* **Problem description**:
For this exercise, write out the whole listing below exactly, omitting its images.
##### Provided material
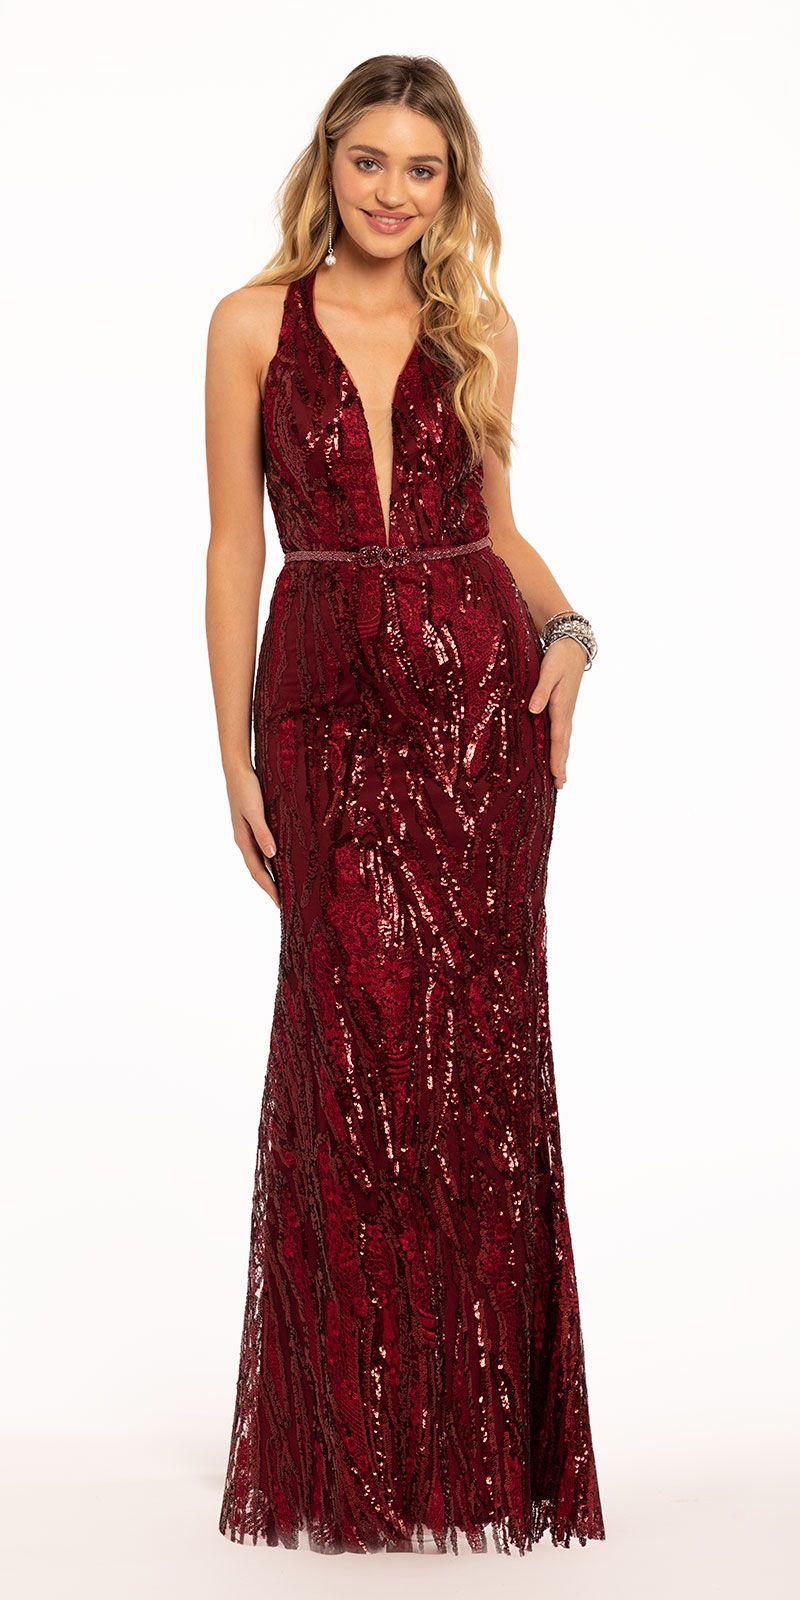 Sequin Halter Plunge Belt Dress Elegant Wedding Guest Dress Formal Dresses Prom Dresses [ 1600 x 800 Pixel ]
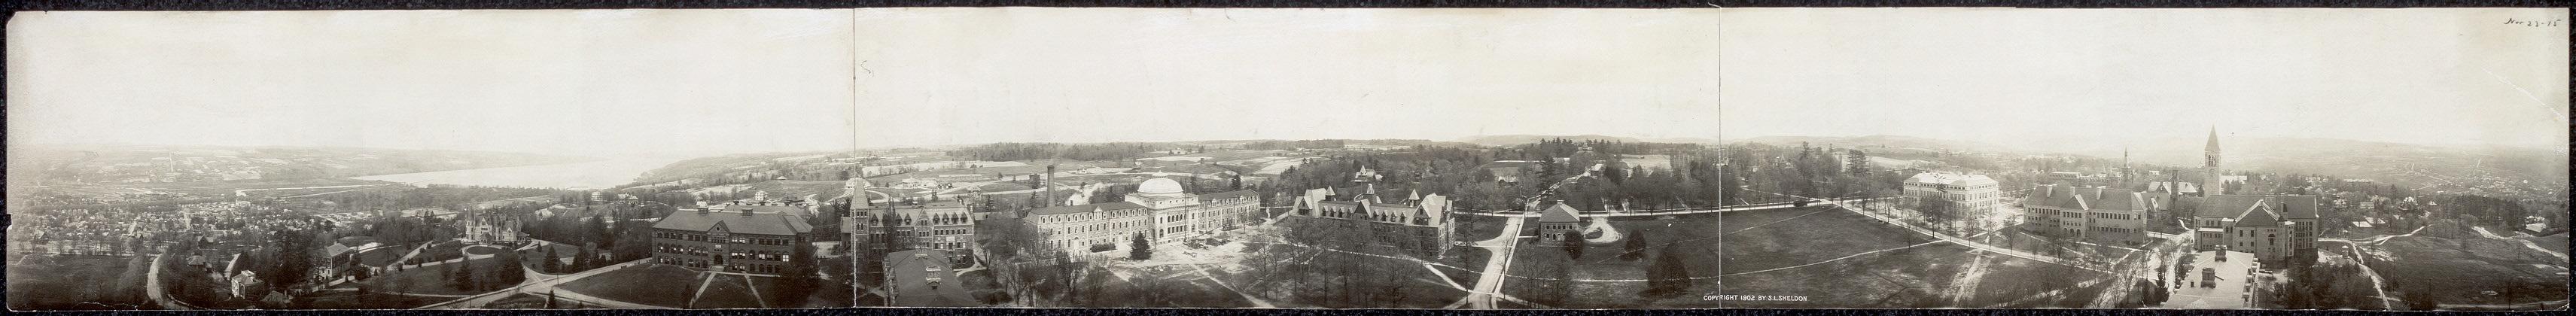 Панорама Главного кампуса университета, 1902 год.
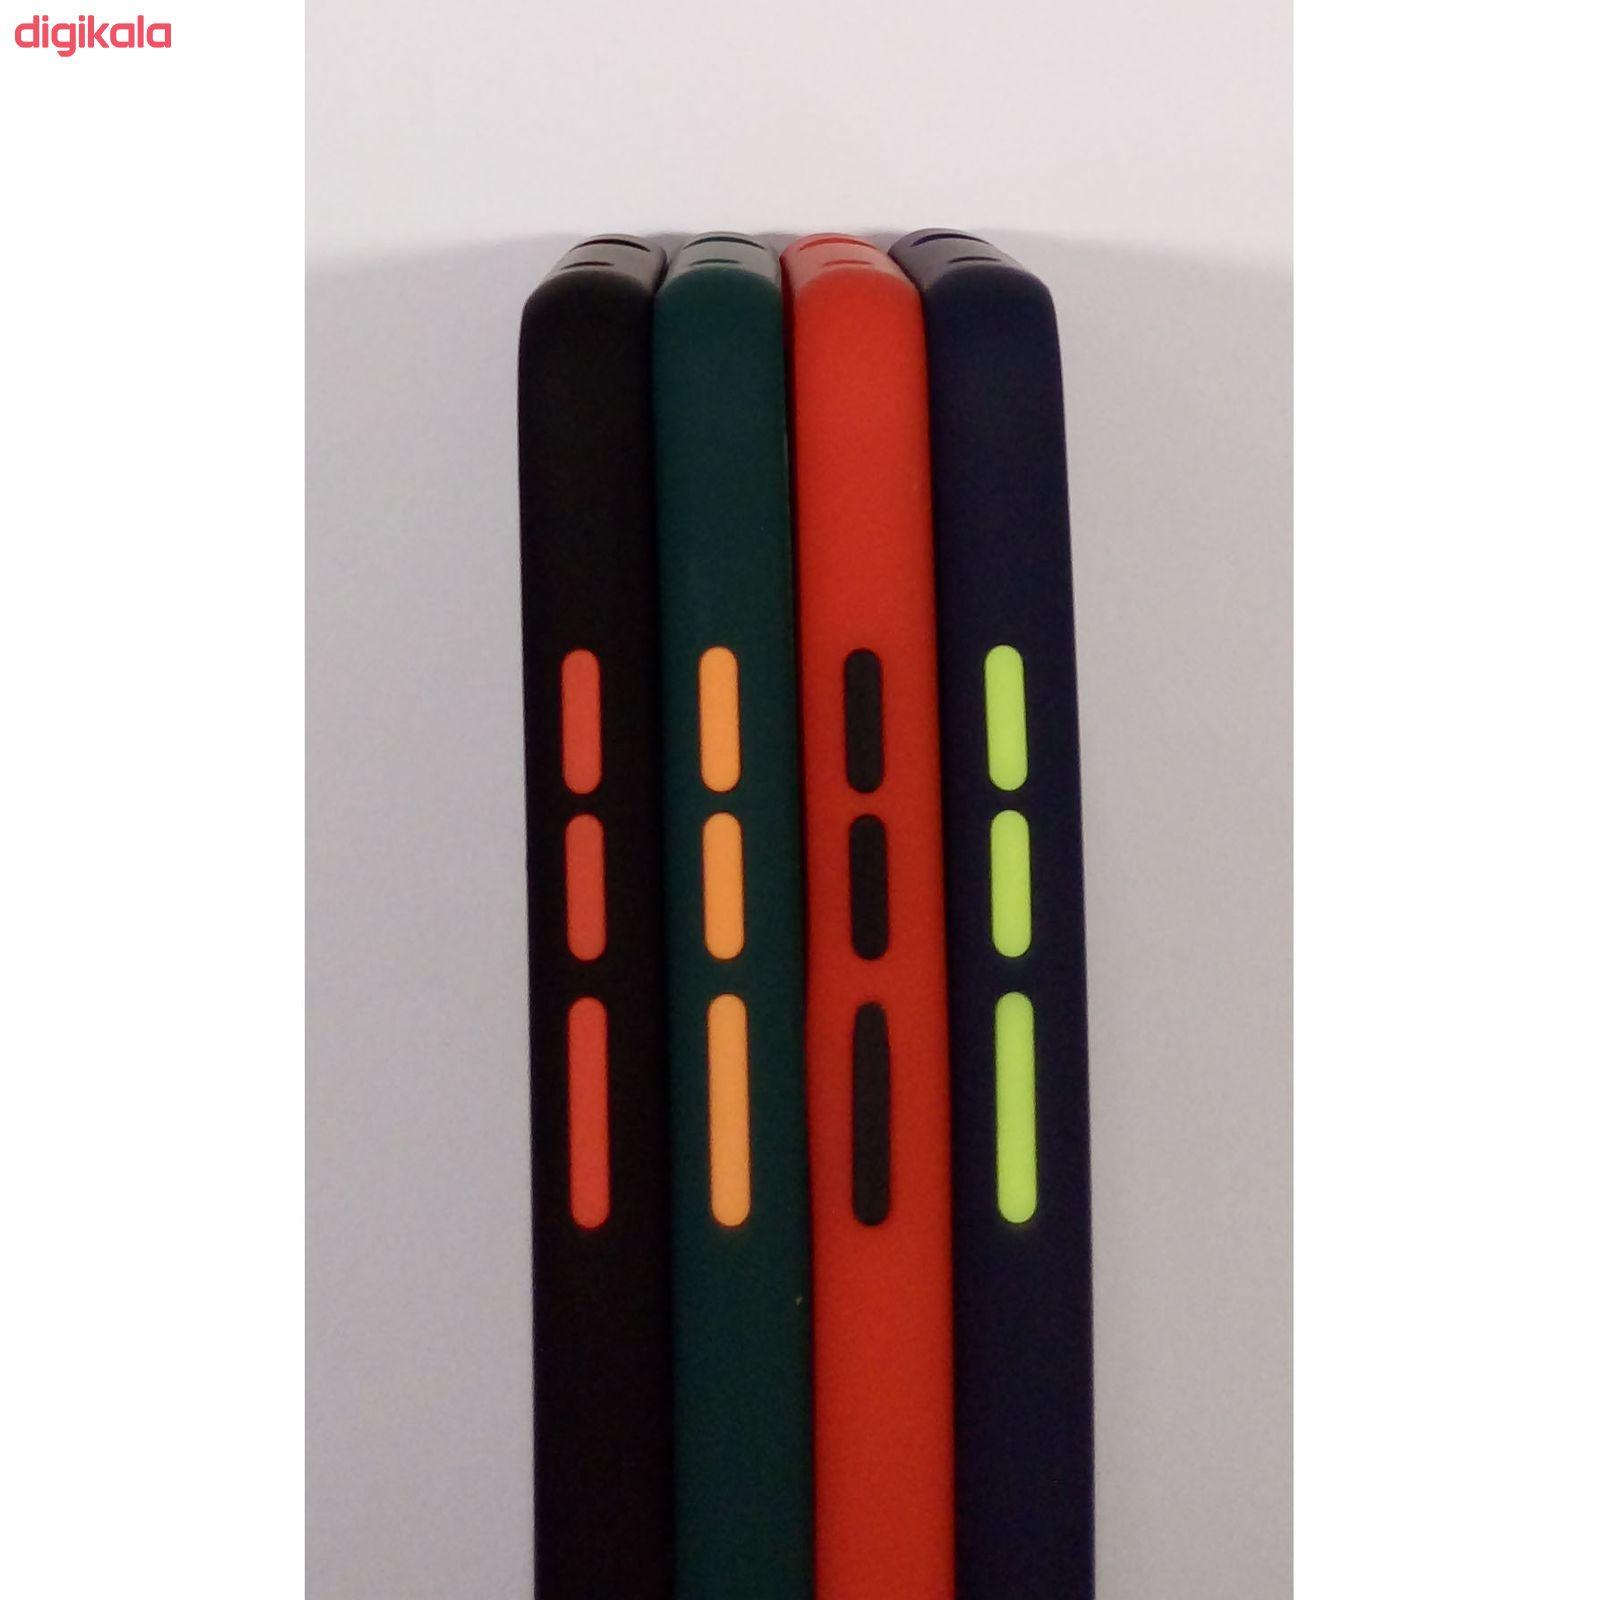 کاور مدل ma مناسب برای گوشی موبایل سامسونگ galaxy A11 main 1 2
##########
* **Your solution**:
 Sequin Halter Plunge Belt Dress Elegant Wedding Guest Dress Formal Dresses Prom Dresses [ 1600 x 800 Pixel ]
 Панорама Главного кампуса университета, 1902 год.
 کاور مدل ma مناسب برای گوشی موبایل سامسونگ galaxy A11 main 1 2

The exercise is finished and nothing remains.